While Bibi and Bobinôt are trapped in the storm, Calixta laughs at it while she engages in an affair. As Stein suggests, Chopin is writing about the dichotomies of storms. Storms can be frightening but also magnificent. “Is it (and is nature generally), merely indifferent to human well-being, a blind force, brute, and dangerous, or is it something akin to a lifeforce, potentially dangerous, of course, but beautiful and enriching, a power with which to align oneself, body and spirit, despite the carping of stifling convention?” (Stein 55). This dichotomy Chopin addresses is further underlined at the beginning of the third chapter after Calixta and Alcée have finished their sinful activities, the storm subsides and reveals a scenic landscape.
“The rain was over; and the sun was turning the glistening green world into a palace of gems. Calixta, on the gallery, watched Alcée ride away. He turned and smiled at her with a beaming face; and she lifted her pretty chin in the air and laughed aloud” (Chopin 3).

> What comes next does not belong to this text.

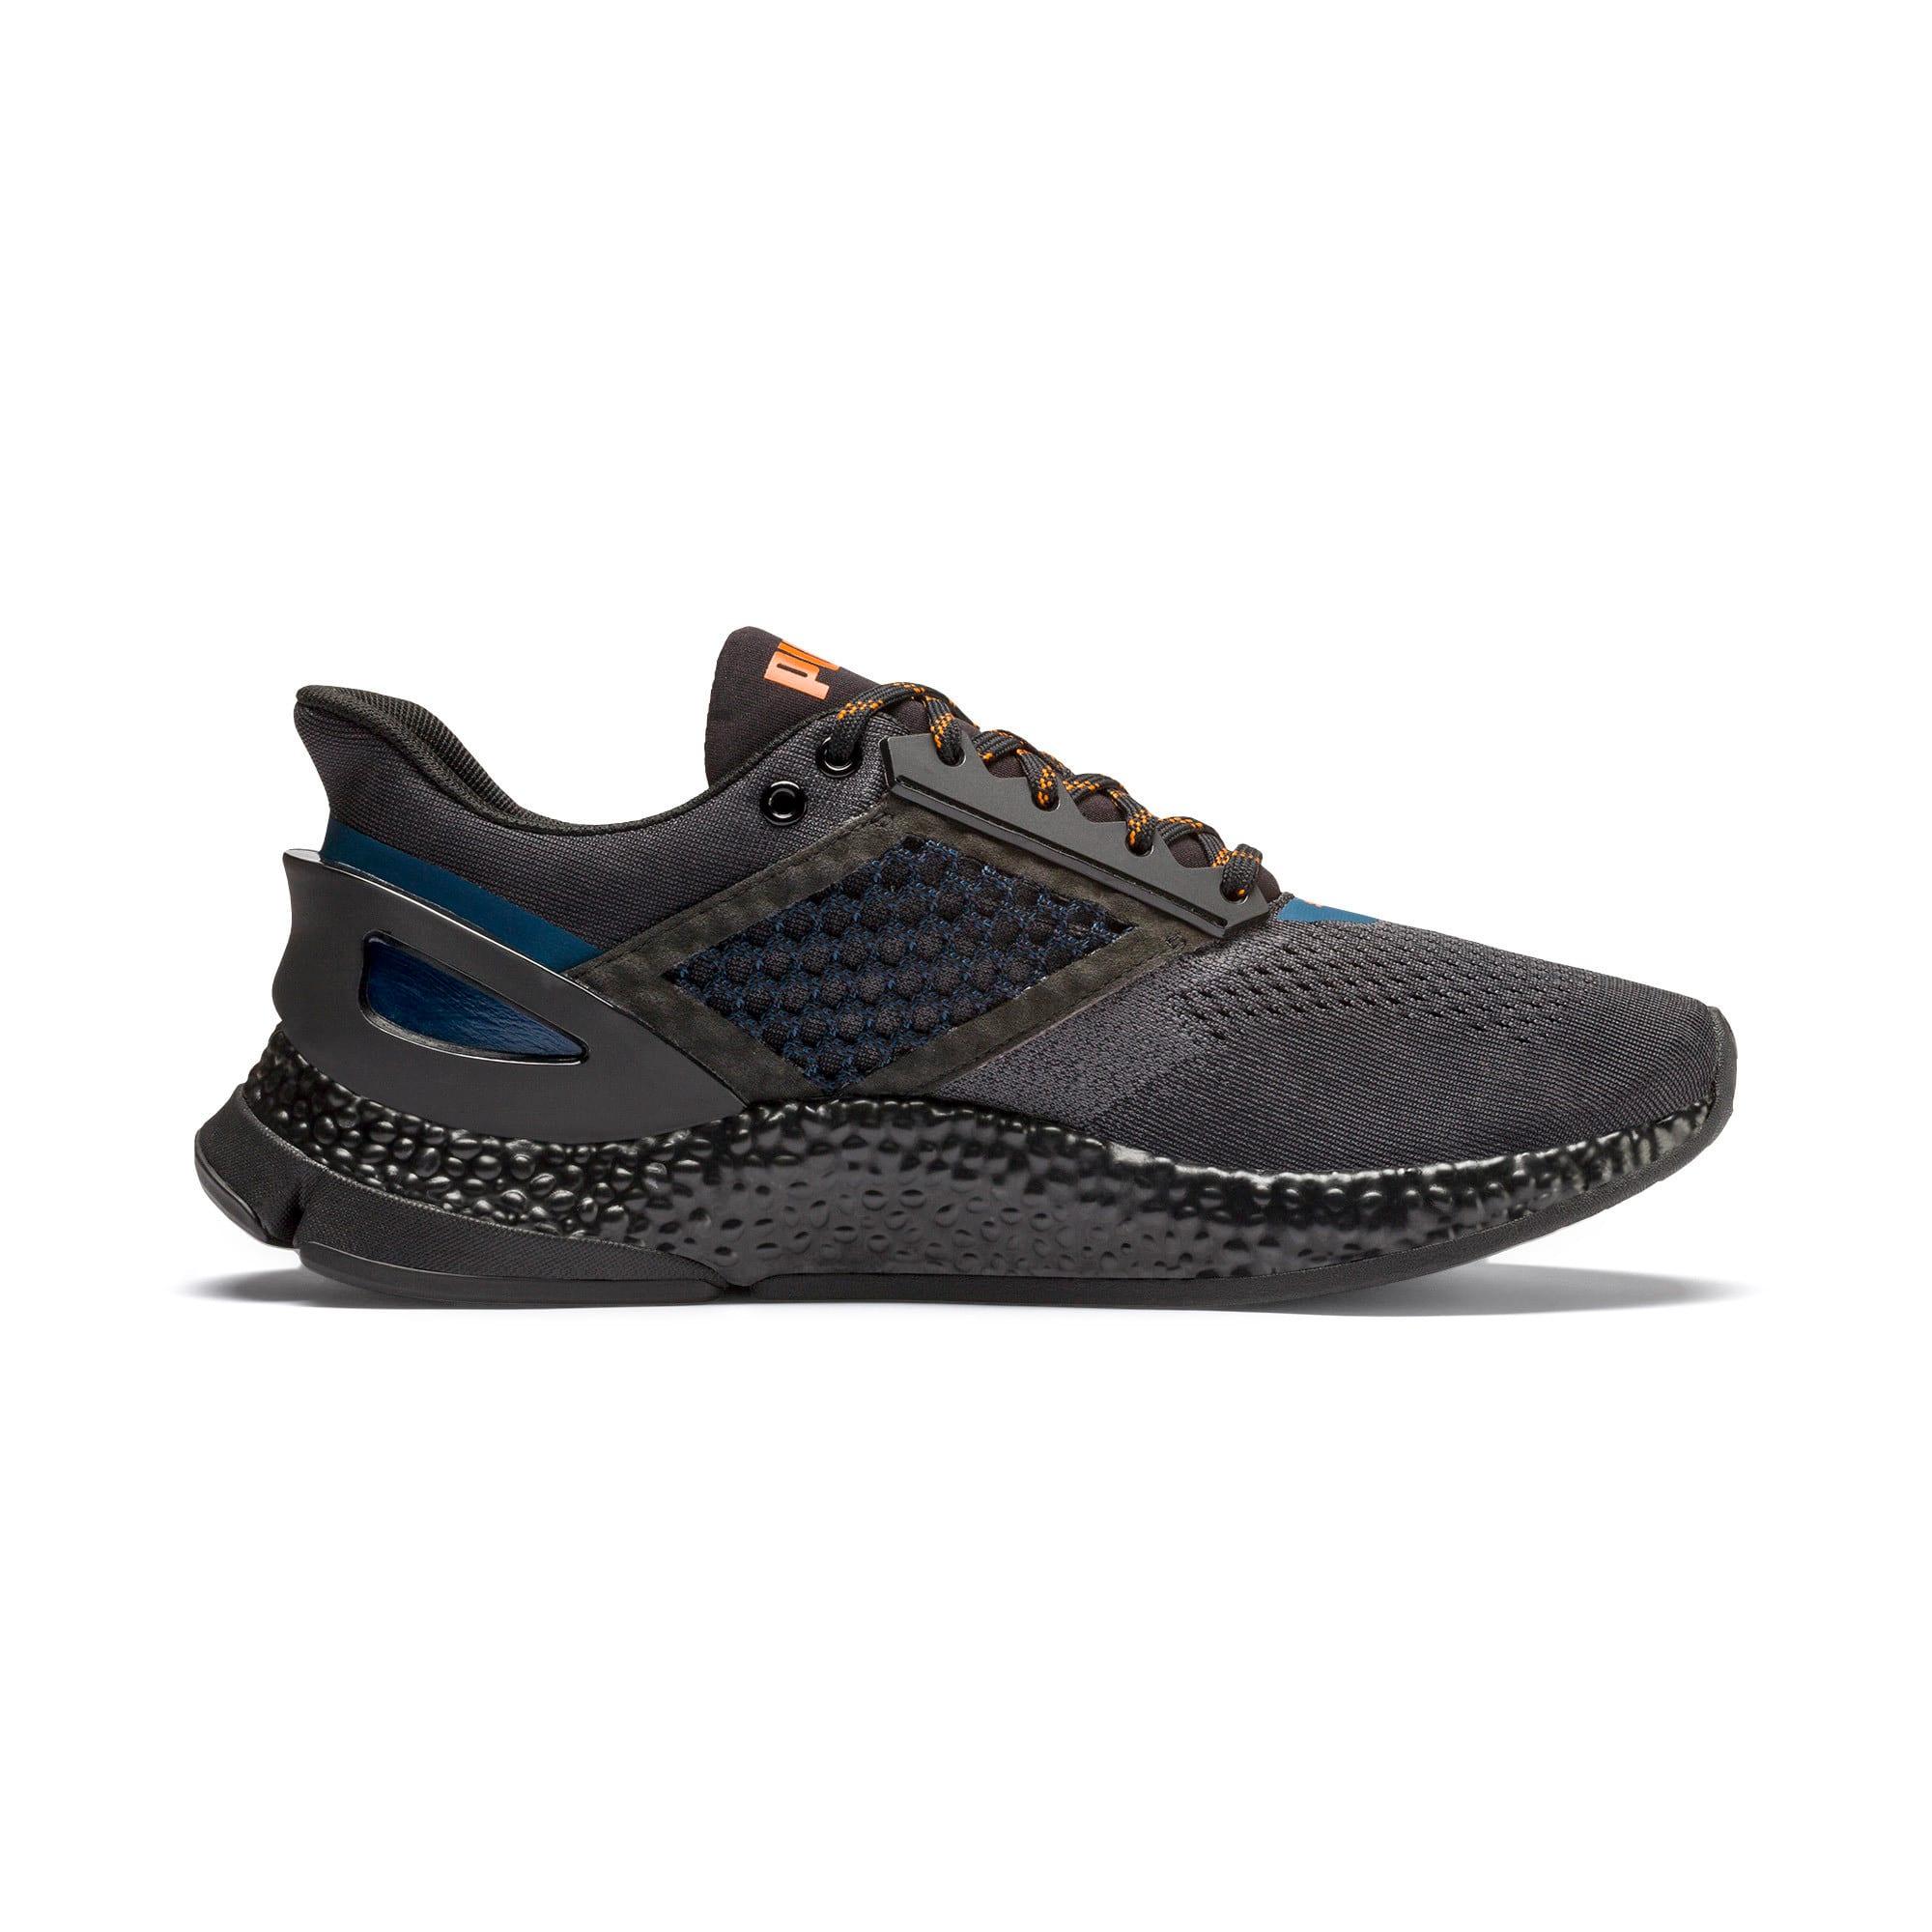 Imagen en miniatura 7 de Zapatillas de running de hombre HYBRID NETFIT Astro, Gibraltar Sea-Puma Black, mediana

After committing adultery, Calixta is not struck down by lightening or caught by her husband and son but rather greeted with a ‘palace of gems’ as Alcée rides away on his horse. Chopin doesn’t punish the sinners and doesn’t allow for the caring husband to know of his wife’s treachery. The storm covers the town in a dark cloud but by the end of the story, it reveals sublime nature as Calixta and Alcée collide in a cataclysm. Violent storms like the one Chopin describes often leave a wake of destruction in its path much like the chaos that ensues when extramarital affairs occur but the conventional and traditional conceptions of affairs and sexuality as well as storms don’t apply in “The Storm” like Toth said before. Furthermore, the last line of the story leaves the consequences of Calixta unknown and the reader’s judgement of affairs unclear.
“So the storm passed and everyone was happy” (Chopin 5)

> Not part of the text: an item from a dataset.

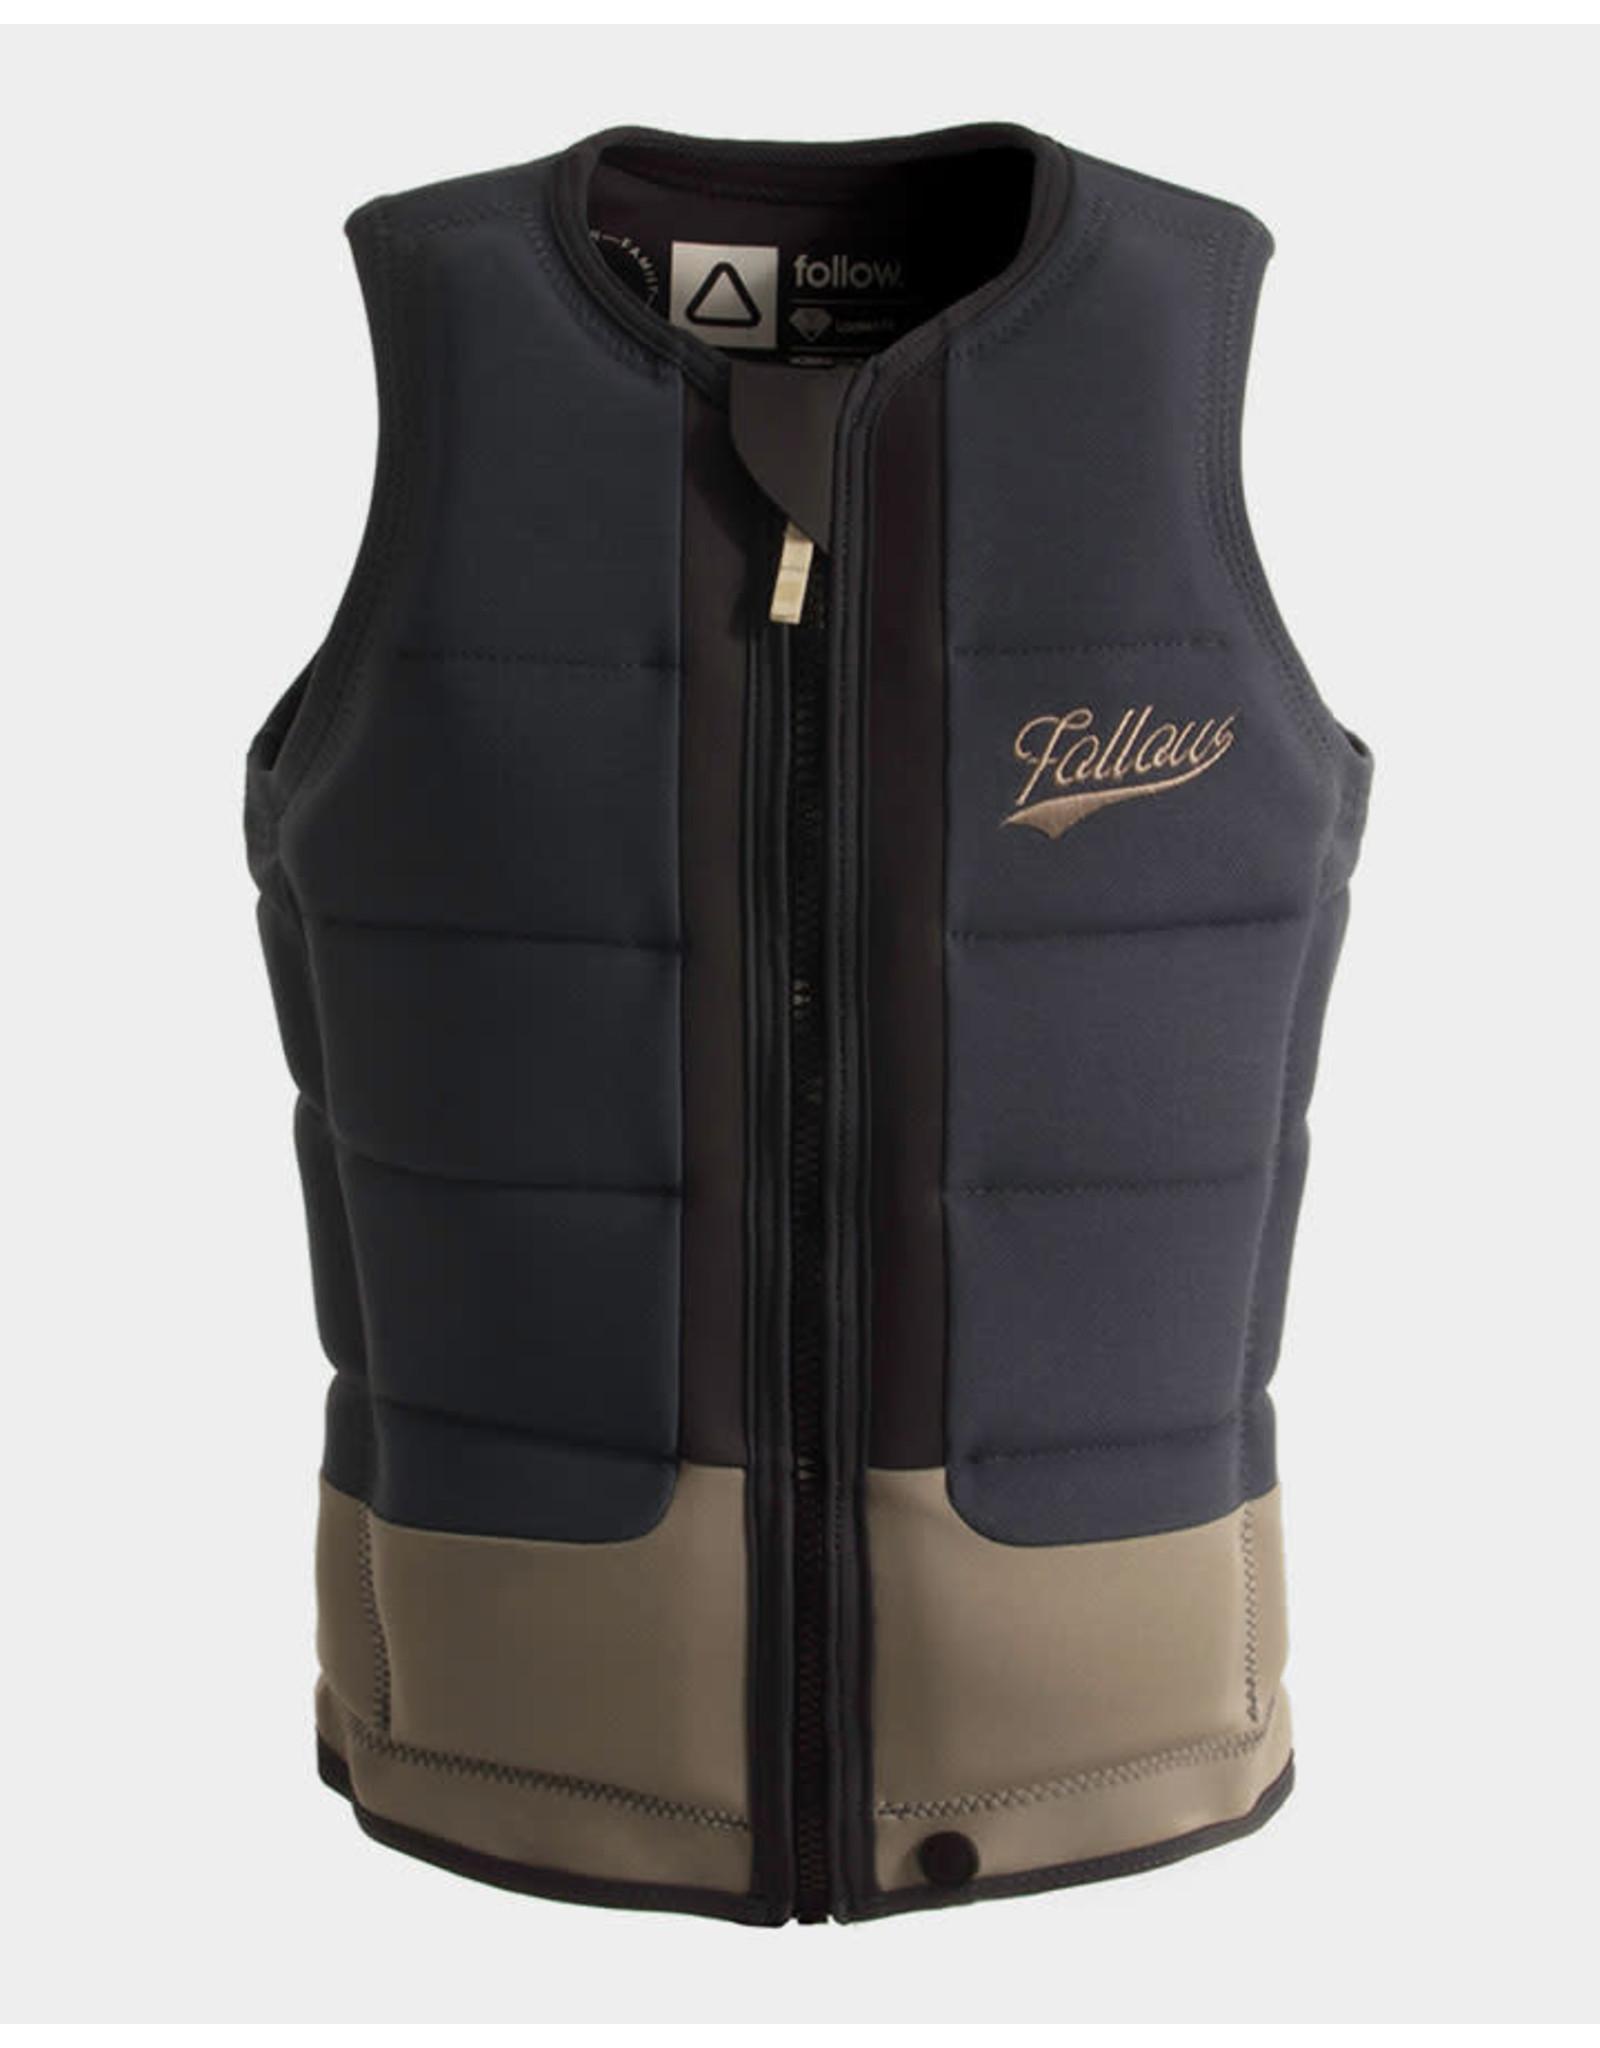 Follow Stow Ladies Competition Vest

The moral ambiguity of Chopin’s story and use of natural disasters like storms that was unlike what her contemporaries were doing make “The Storm” a unique tale of contradictions and dichotomies but like mentioned before, the story was not known until a 1969 publication. Dana Gioia, when introducing “The Storm”, ponders that because of some of Chopin’s earlier work like her famous The Awakening and “The Story of an Hour” that explored the complex female characters similar to Calixta in 19th century setting, works like “The Storm” may have been censored. “She began to bring into American fiction some […] hard-eyed observations and passion for telling unpleasant truths. Determined, in defiance of her times, frankly to show sexual feelings of her characters, Chopin suffered from neglect and censorship. […] Many of her stories had to wait seven decades for a sympathetic audience” (Gioia 115). The unusual use of the storm as a tool of devastation and creation as well as the exploration of forbidden sexuality make “The Storm” a unique story in that it defies the standard notion of how nature and women were written around in the 1890’s but unfortunately was not appreciated upon its conception.
Bibliography
Chopin, Kate. “”The Storm”.” 1898. American Literature. Website.
Gioia, Dana. Literature: Introduction to Fiction, Poetry, and Drama. New York: Pearson Longman, 2007.
Stein, Allen. “The Kaleidoscope of Truth: A New Look at Chopin’s “The Storm”.” American Literary Realism (2003): 51-64. Print.
Toth, Emily. “The Independent Woman and “Free” Love.” The Massachusetts Review (1975): 647-664.